Dynamic self-organisation and pattern formation by magnon-polarons

TL;DR

This paper demonstrates that chaos in magnetisation dynamics can lead to the formation of ordered, periodic magnetic domain patterns through phase synchronization of magnon-polaron waves, revealing a new mechanism of magnetization reversal.

Contribution

It uncovers a novel pattern formation mechanism in magnetic materials driven by magnon-polaron phase synchronization at short time scales.

Findings

Chaotic magnetisation dynamics can produce ordered magnetic domain patterns.

Pattern formation results from phase-synchronization of magnon-polaron waves.

A new magnetization reversal mechanism driven by coherent quasiparticle packets.

Abstract

Nonlinear dynamics can give rise, via the processes of self-organisation and pattern formation, to the spontaneous manifestation of order in open and complex systems far from equilibrium. Self-organising systems, transforming the inflow of energy into information, are ubiquitously found in current topical areas of science ranging from brainwave entrainment and neuromorphic computing to energy-efficient data storage technologies. In the latter, magnetic materials play a pivotal role combining very fast switching with permanent retention of information. However, it has been shown that, at very short time scales, magnetisation dynamics become chaotic due to internal instabilities, resulting in incoherent spin-wave excitations that ultimately destroy magnetic ordering.
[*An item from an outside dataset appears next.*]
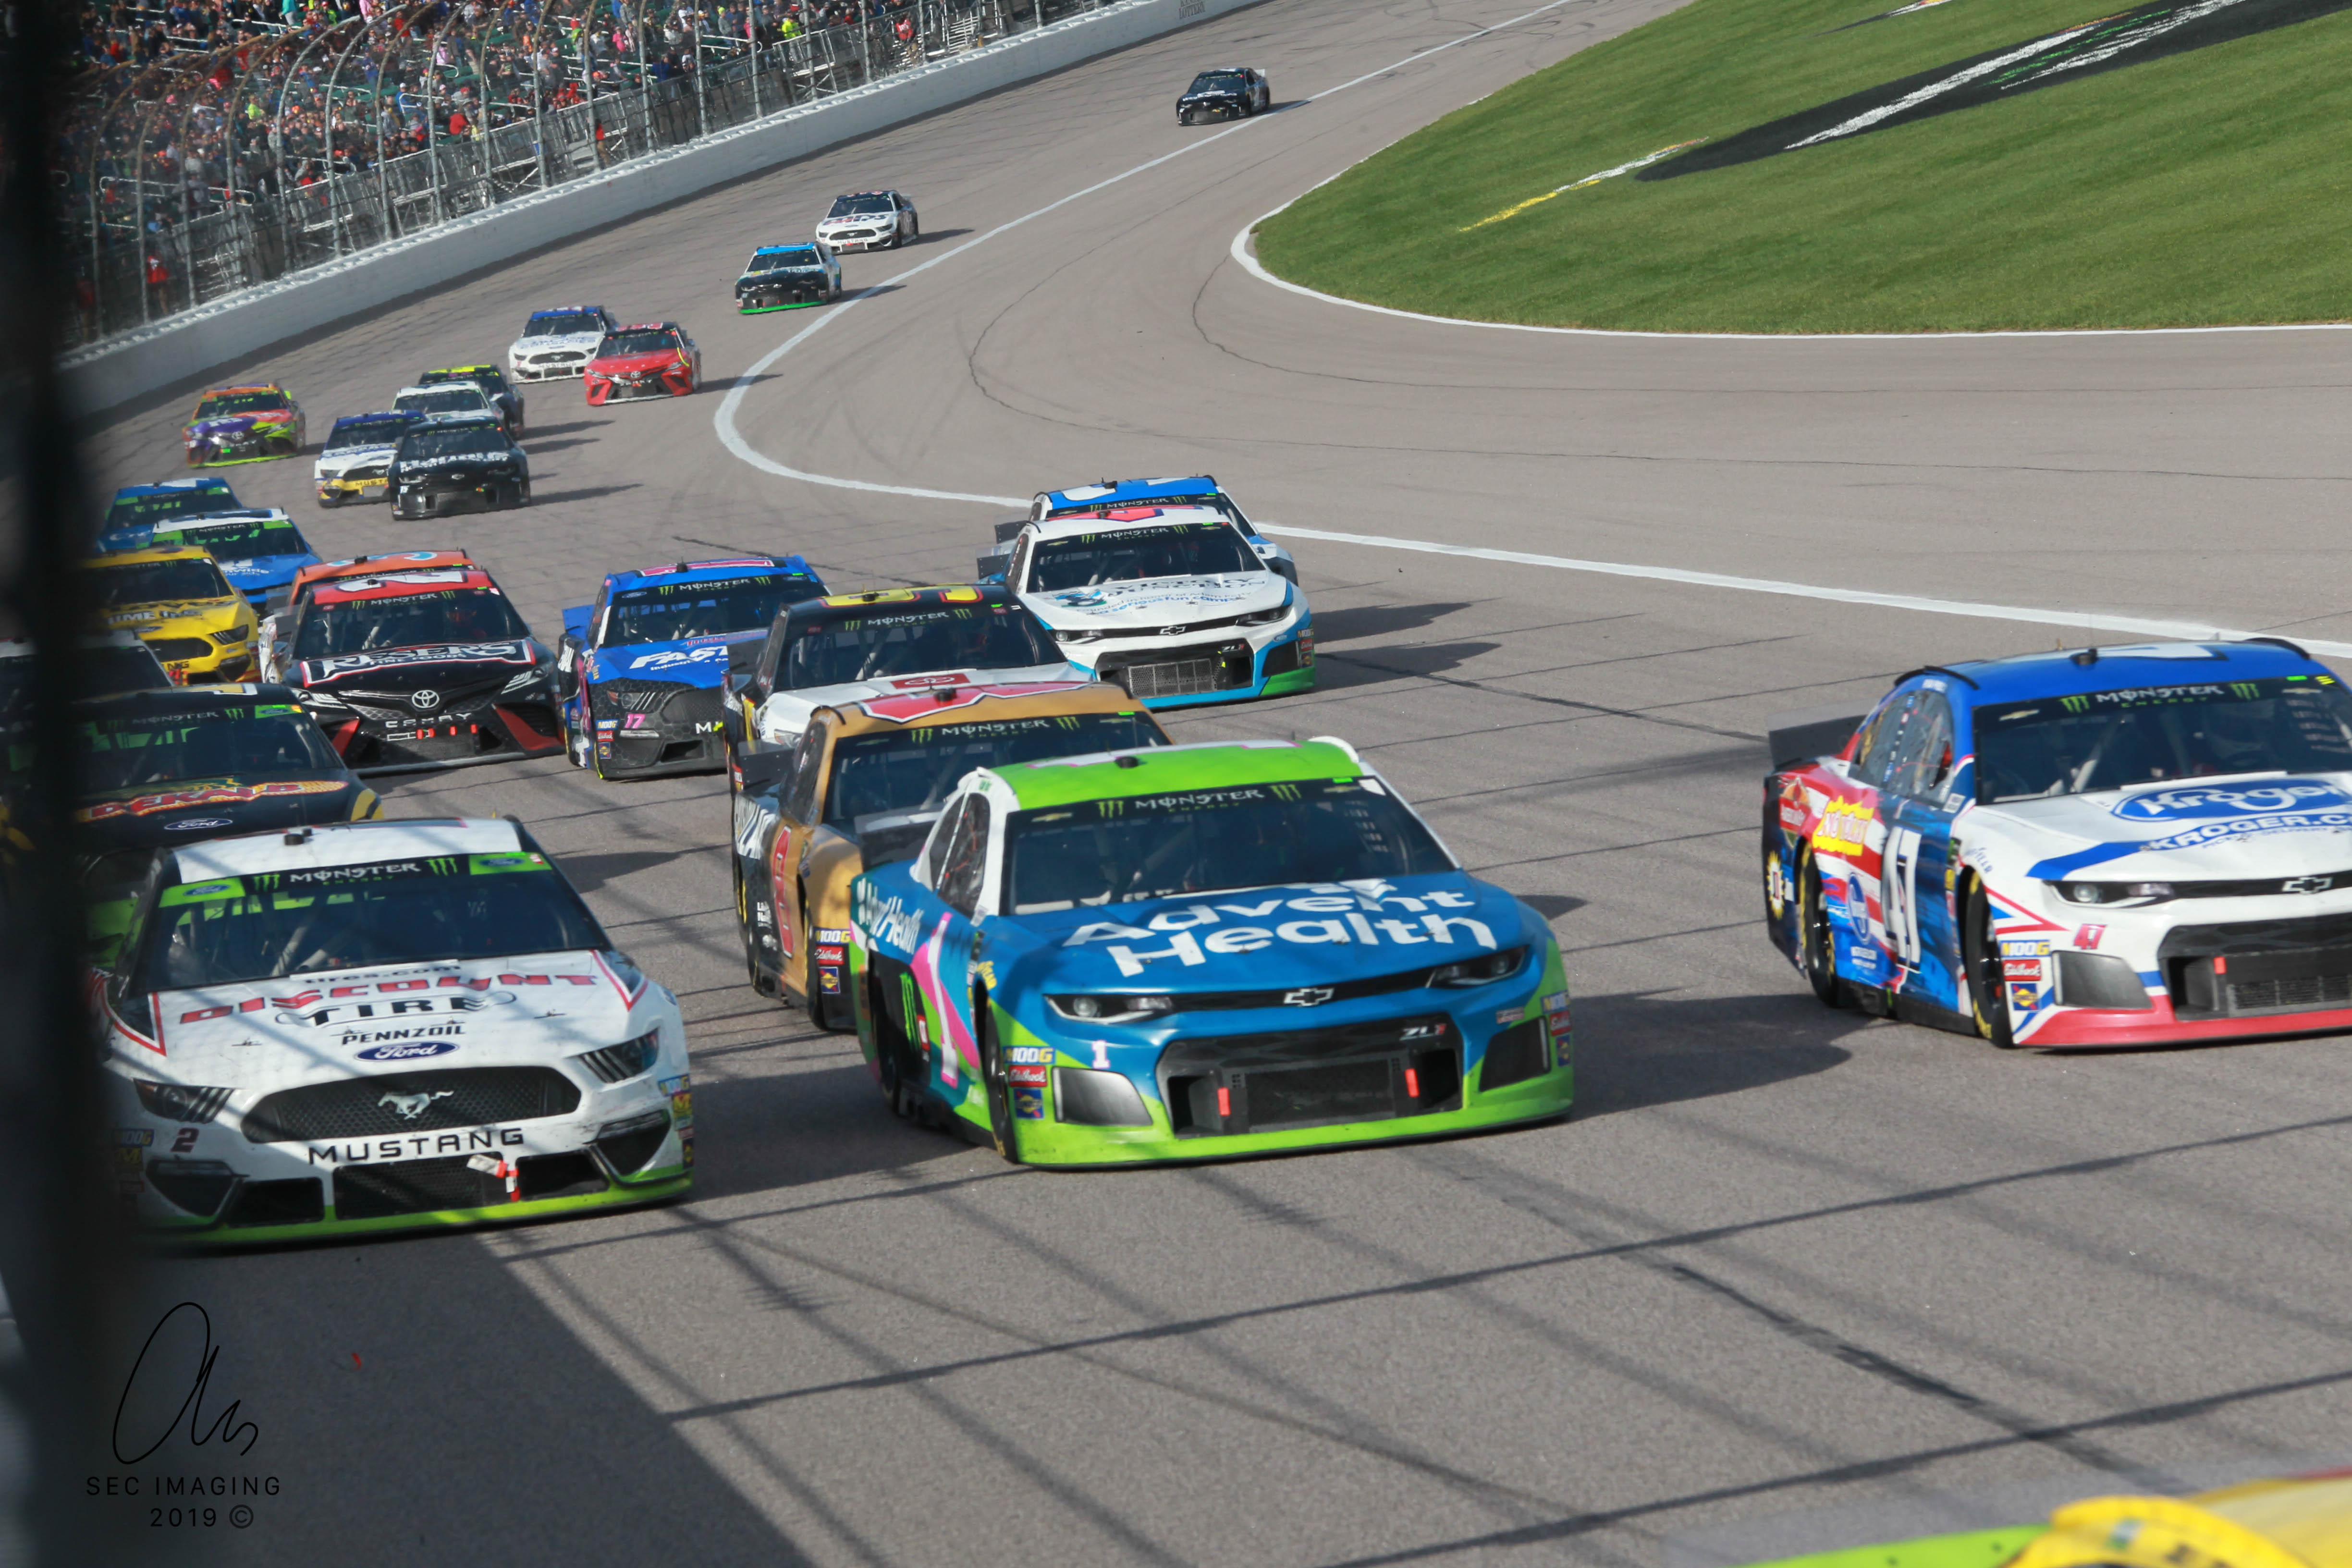 While restarts are fun, should NASCAR reconsider what constitutes a caution for races? (Photo Credit: Stephen Conley/TPF)

Here, contrary to all expectations, we show that such chaos gives rise to a periodic pattern of reversed magnetic domains, with a feature size far smaller than the spatial extent of the excitation. We explain this pattern as a result of phase-synchronisation of magnon-polaron waves, driven by strong coupling of magnetic and elastic modes. Our results reveal not only the peculiar formation and evolution of magnon-polarons at short time-scales, but also present a novel mechanism of magnetization reversal driven by coherent packets of short-wavelength quasiparticles.